President Trump’s “dirty water rule” is a premier example of the vortex of tragically ill-timed, incredible bad luck that’s sucking America and the world into a whirlpool of environmental nightmares. What’s worse is that murderous racists, vile misers and assorted anti-science zealots are stirring that lethal vortex for all they’re worth, just when sanity, intellectual rigor and disciplined self-control are needed most.
Just when New Mexico and the Southwest have been almost flattened by rising heat and one of the worst droughts in a millennium, a time when every drop of clean water is more precious than gold, and just when the Colorado River is experiencing a serious shrinkage in its delivery of clean water to more than 40 million people in seven Western states, the Trump administration’s EPA has finalized a rule that allows companies to pollute the nation’s wetlands and ephemeral and intermittent streams at will. These precious water resources, formally protected by the Clean Water Act of 1972 and its 2015 revisions, are now more endangered than they’ve been since President Nixon’s veto of the act in October of 1972. The veto was overridden first by the U.S. Senate, which had voted unanimously to approve it, and then by the U.S. House with a vote of 247 to 23.

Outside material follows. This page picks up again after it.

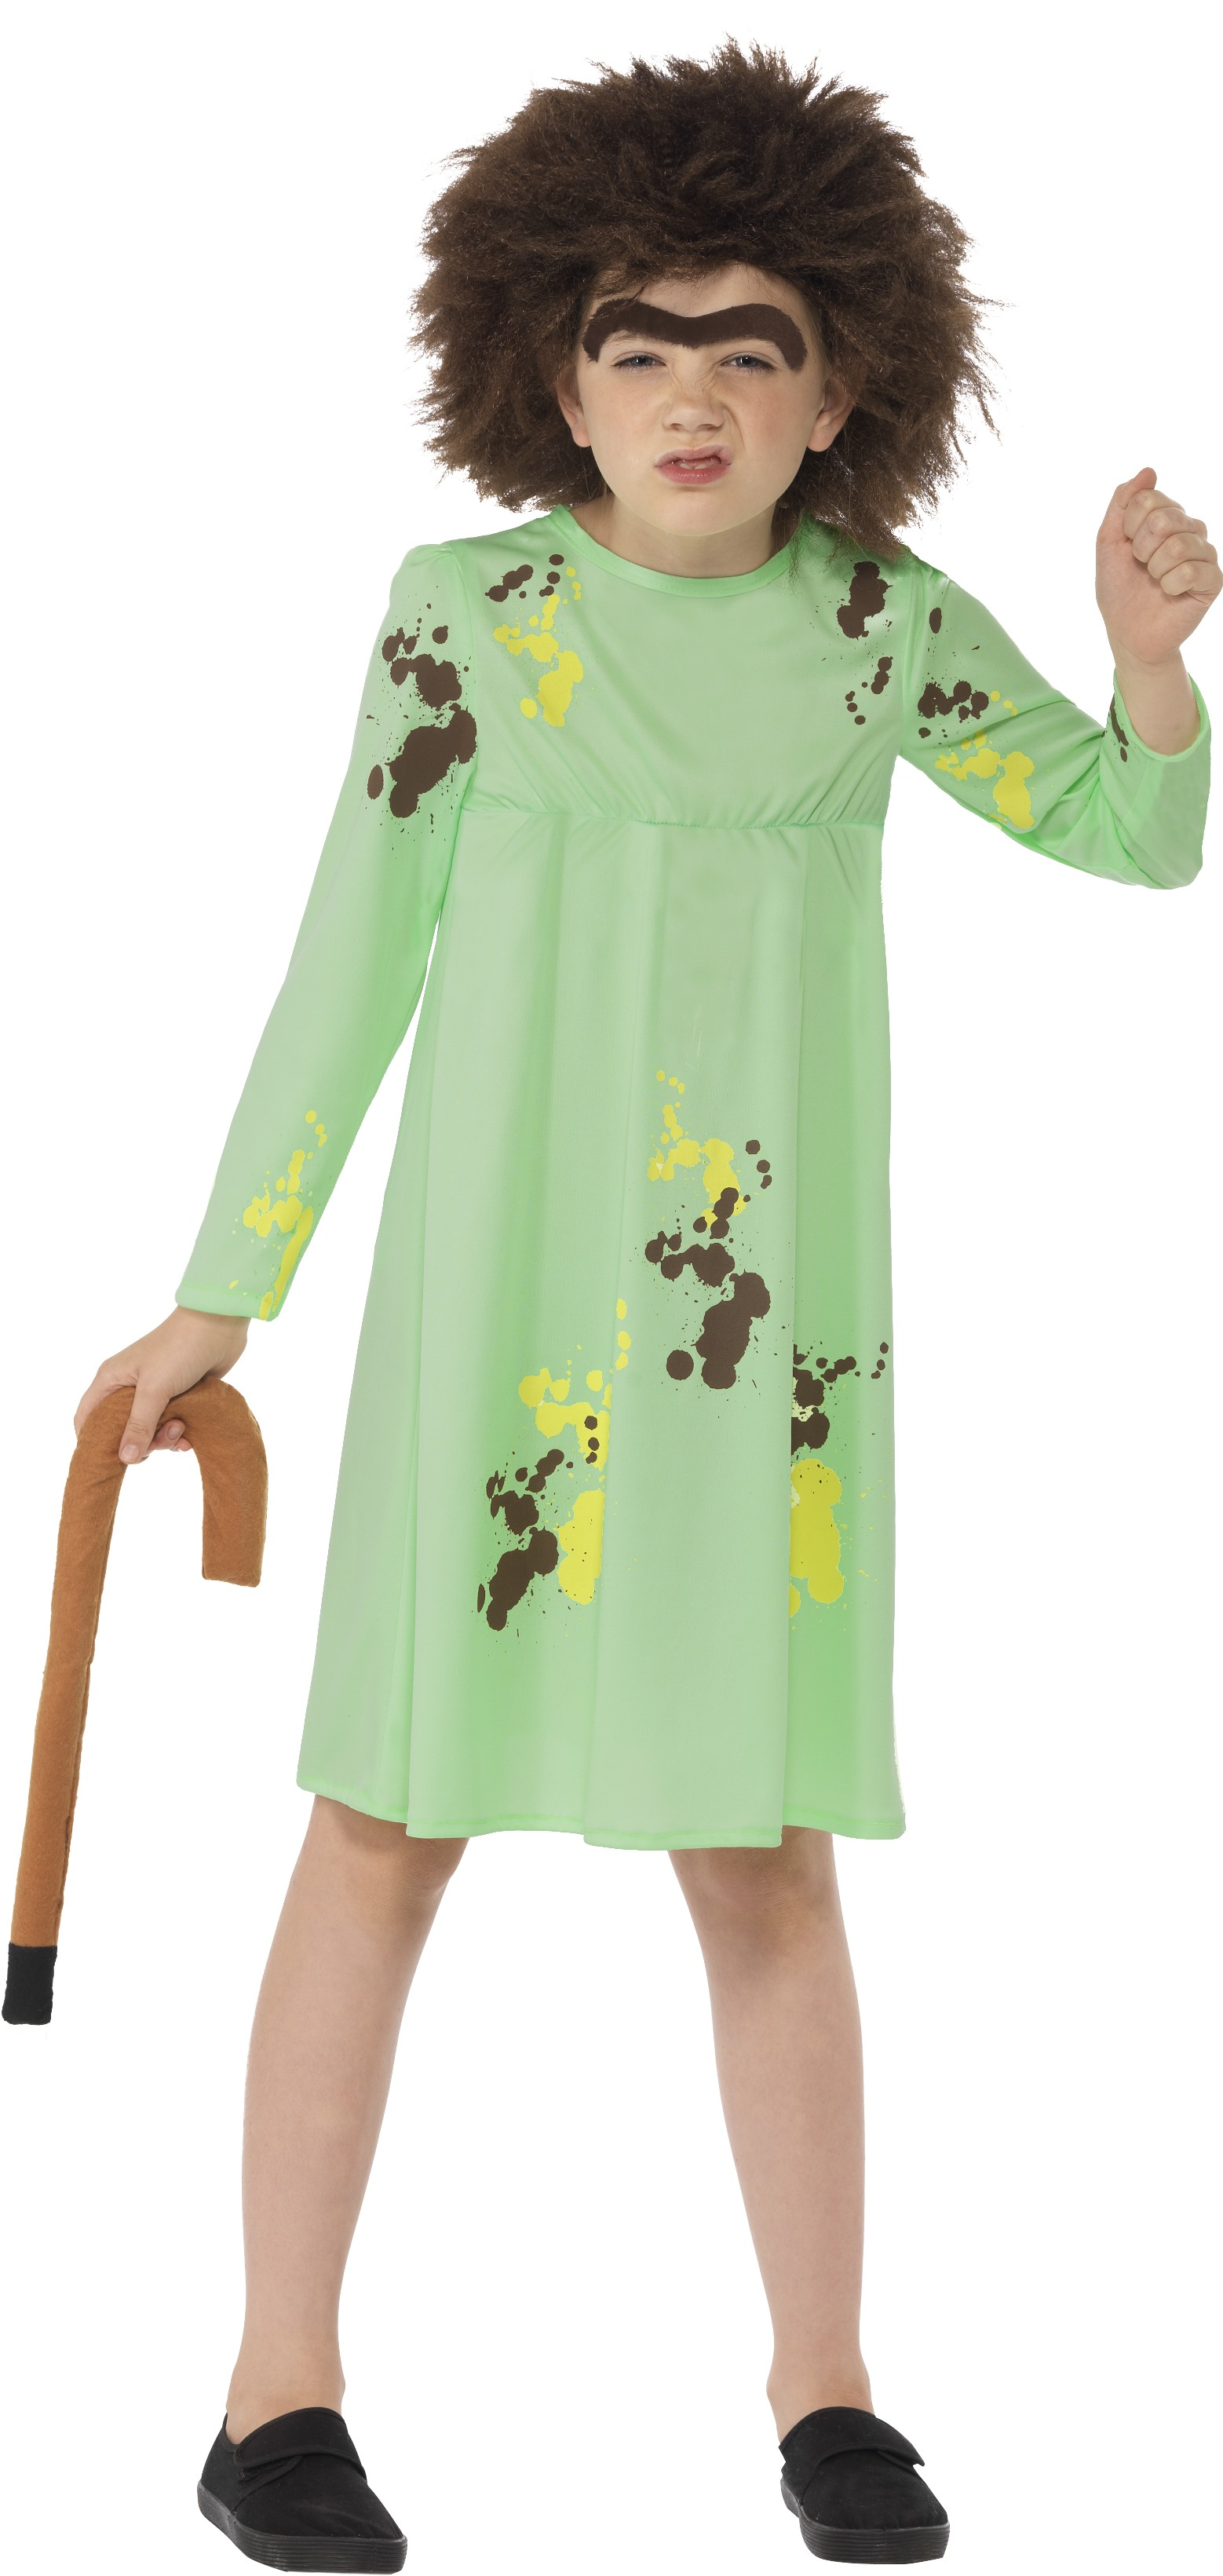 Roald Dahl Mrs Twit Girls Costume

For New Mexicans, the Trump administration’s environmental idiocy makes more than 90% of New Mexico’s intermittent and ephemeral waterways, along with more than half of our wetlands, vulnerable to polluters like the oil and gas industry, according to Amigos Bravos, a New Mexico river conservation organization. Of course all polluters always vigorously deny any accusation of environmental perfidy, even when the data are logically irrefutable.
The Department of Energy denied allegations that it had systematically dumped millions of gallons of radioactive water and other pollutants during the Cold War into Tijeras Arroyo, a partially intermittent waterway that passes not 50 feet from Mountain View Elementary School, and into the Rio Grande after draining some 100 miles of the Sandia and Manzano Mountains. In 1982, the drinking water well at Mountain View Elementary was condemned and closed for undisclosed contamination.
And what seemed to have at least a high probability of being true in the 1980s is now overwhelmingly obvious to everyone who’s not been ideologically blinded. It’s as if Trump and the Republican Party has so mind-scrambled the American people with their endless madcap distractions and perpetual spewing of disinformation that we have become willing victims of America’s worst exploiters who dump their excrement wherever they like, even in drinking water. They then expect us to spend millions, and sometimes billions, of tax dollars to clean it up, which we have no choice if we don’t want our cities and ourselves to wither from dehydration.
American political philosopher Noam Chomsky has a particularly clear-headed view of the current state of the American mind. Propaganda, he says, is “to democracy what violence is to dictatorship.” Chomsky knows that the almost autonomic response to power is to at first subordinate yourself to it. We all have that tendency until it hurts too much not to resist. Propaganda, the tool of the powerful, bathes our minds in soothing rhetorical goo and the seemingly blessed relief of nonsensical false doubts. You may have opposing views from time to time, but the pressure of constant propaganda is so intense, Chomsky says, quoting George Orwell, that it makes you “internalize…the values (of the propaganda) so that there are certain things [you] wouldn’t dare to say or even to think.”
So when the EPA writes a rule that allows polluters of do whatever they will with fragile waterways and wetlands, many Americans apparently find it impossible to accept what’s really going on — the poisoning of drinking water for profit by Big Money Corporations who make fortunes from never paying a dime for cleaning up their pollution. These are the “corporate persons” that tend to anonymously fund Republican candidates.
The Trump dirty water rule could have a disastrous impact on important tributary streams in New Mexico, like the Santa Fe River, the Gallinas that runs through Las Vegas and the Rio Fernando around Ranchos de Taos.
Amigos Bravos reports that “at least 280,000 people in New Mexico receive drinking water from sources that rely at least in part on ephemeral and/or intermittent tributaries.” Only the Rio Grande, Canadian, Pecos, Gila and San Juan rivers will retain Clean Water Act protection under the Trump EPA’s dirty water ruling.
I guess over a quarter million New Mexicans who depend on hundreds of intermittent and ephemeral stream systems don’t matter in the eyes of Republican anti-environmentalists. Will we ever be able to cut through their mind-fuddling propaganda and say, in our own way, the emperor has no clothes?